É o caso também do “African Journal of Agricultural Research”, publicado pela editora nigeriana Academic Journals (não confundir com a do parágrafo anterior, embora sejam ambas predatórias), que tem 13 revistas classificadas no Qualis. Enquanto isso, na Malásia o Ministério da Educação Superior não reconhece e também não dá apoio para artigos publicados por esse publisher, como já mostrou este blog (“Na ciência, o ruim para a Malásia é bom para o Brasil”, 7.mar).
Esse periódico nigeriano não só deixou de constar com a elevada —e absurda— classificação A2 que havia obtido no grupo Administração, Ciências Contábeis e Turismo, mas também nem sequer foi incluído nessa área nas avaliações de 2013 e 2014. A não inclusão também aconteceu no segmento Interdisciplinar, no qual a revista havia sido classificada como B1, como mostra a tabela a seguir.
VAI LONGE
Além das duas não inclusões acima indicadas, o “African Journal of Agricultural Research” teve também dois rebaixamentos (de B2 para B3 em Biodiversidade, e de B2 para B5 em Engenharias III). Apesar de sua péssima reputação internacional, bastaria manter essas duas classificações para ele permanecer no Qualis como alternativa para professores, pesquisadores e pós-graduandos que não conseguem coisa melhor.

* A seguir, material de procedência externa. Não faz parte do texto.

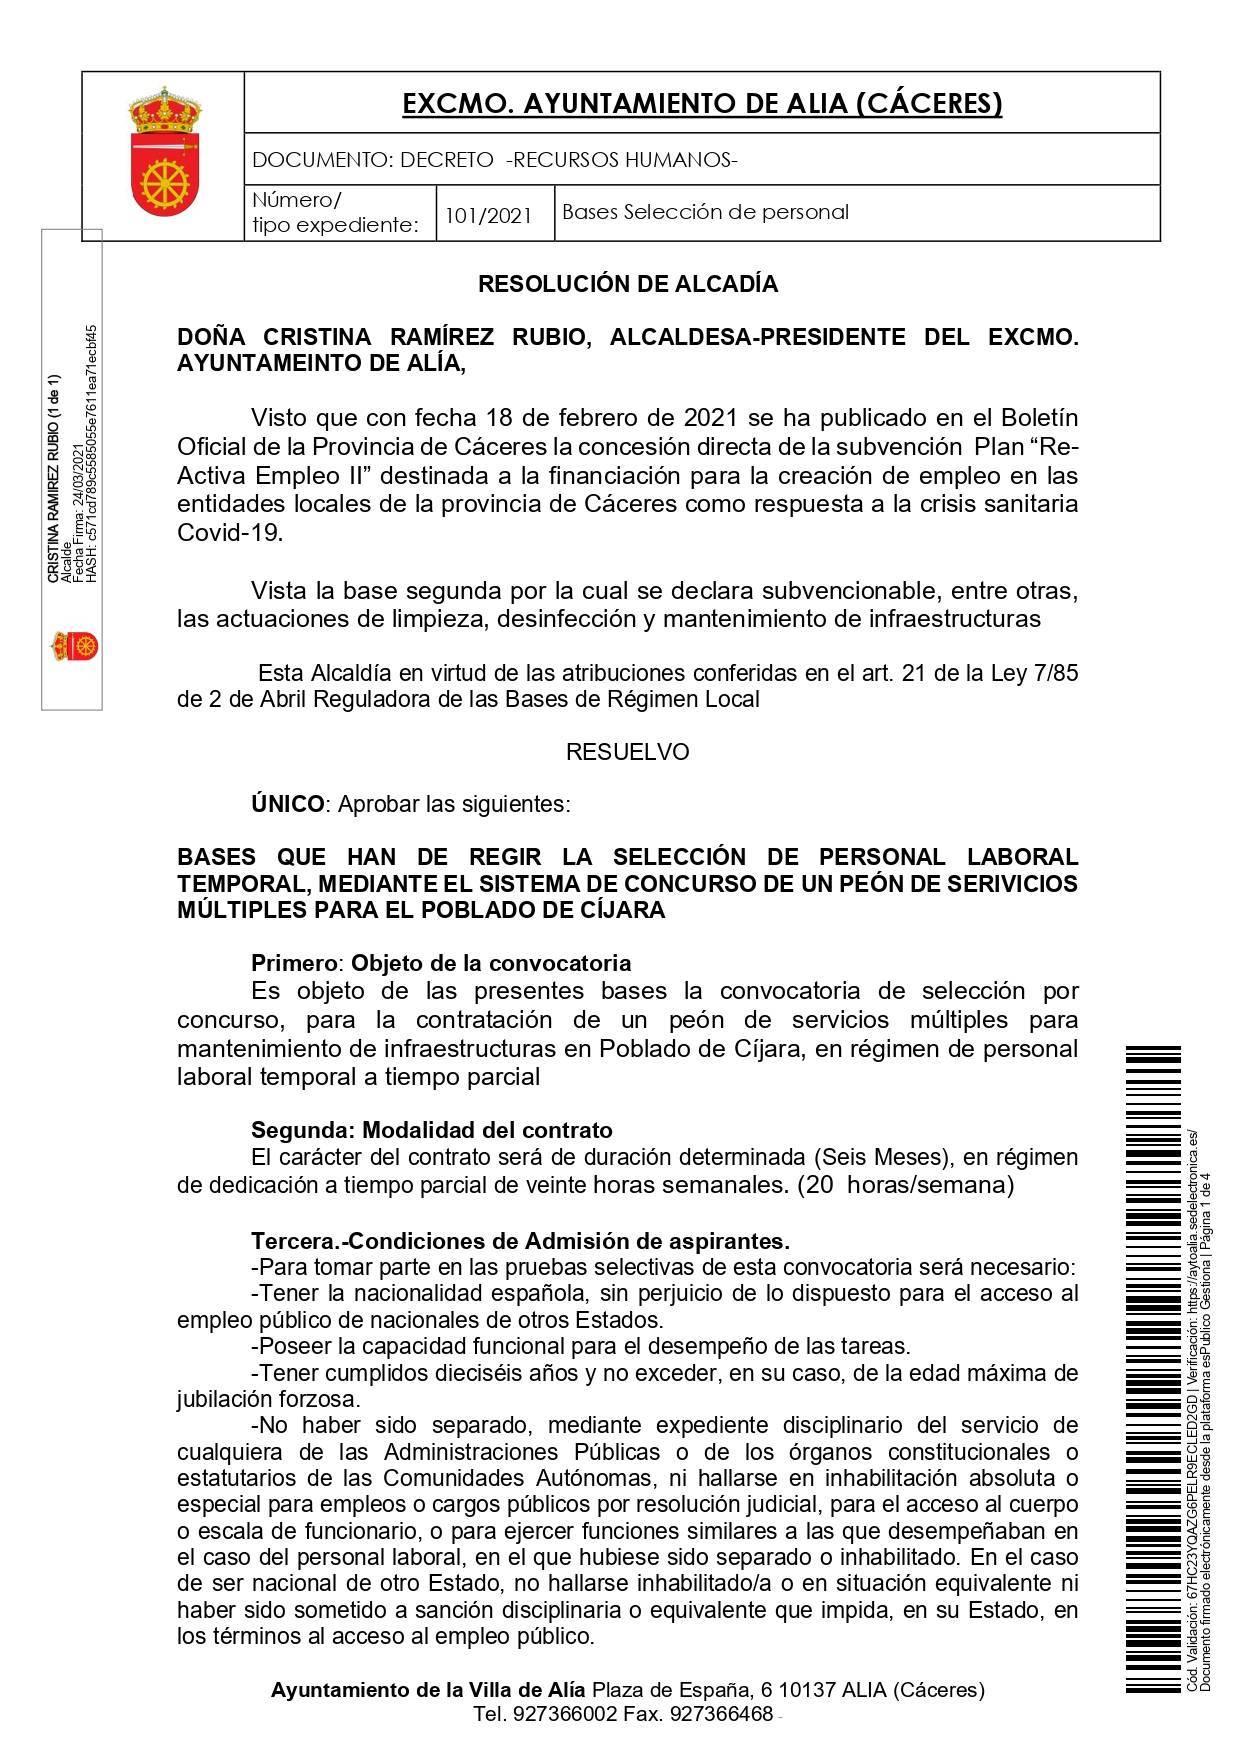 Peón de servicios múltiples (2021) - Poblado de Cíjara (Cáceres) 1

Essa revista também teve estabilização em seis outras áreas e uma única “promoção” (de B4 para B3 em Ciência de Alimentos). Sem falar na inclusão em Arquitetura e Urbanismo (B4), Ciências Ambientais (B2), Ciência da Computação (B5), Economia (B4) e até mesmo nas mais exigentes Ciências Biológicas III (C) e Química (C) , que pelo menos aplicaram a classificação mais baixa, mas ainda assim permitem espaço para artigos que merecidamente podem ser considerados lixo acadêmico.
Houve também desclassificações e rebaixamentos de outros periódicos “famosos” que pretendo comentar nos próximos dias. Ainda é cedo para saber se eles serão excluídos na próxima avaliação, que será quadrienal (2013-2016).
LIXO ACADÊMICO
Concluída em 2013, a avaliação trienal de 2010-2012 do Qualis Periódicos envolveu cerca de 2 mil especialistas, distribuídos por 48 comitês assessores da Capes, cada um deles com um coordenador e dois coordenadores adjuntos —eleitos por comissões de pós-graduação de todo o país—, com o apoio de, em média, 20 consultores.
Apesar de não ser ainda a limpeza que precisa ser feita e de a avaliação quadrienal 2013-2016 ainda estar em curso, as informações parciais de 2013 e 2014 indicam que a divulgação sobre o chamado “lixo acadêmico” começou a fazer efeito.
O que importa é que agora, com a atualização do Qualis na Plataforma Sucupira, será possível para a comunidade acadêmica monitorar o processo antes da conclusão da avaliação quadrienal. E, quem sabe, teremos melhores condições para compreendermos se esse tipo de avaliação de periódicos realmente funciona.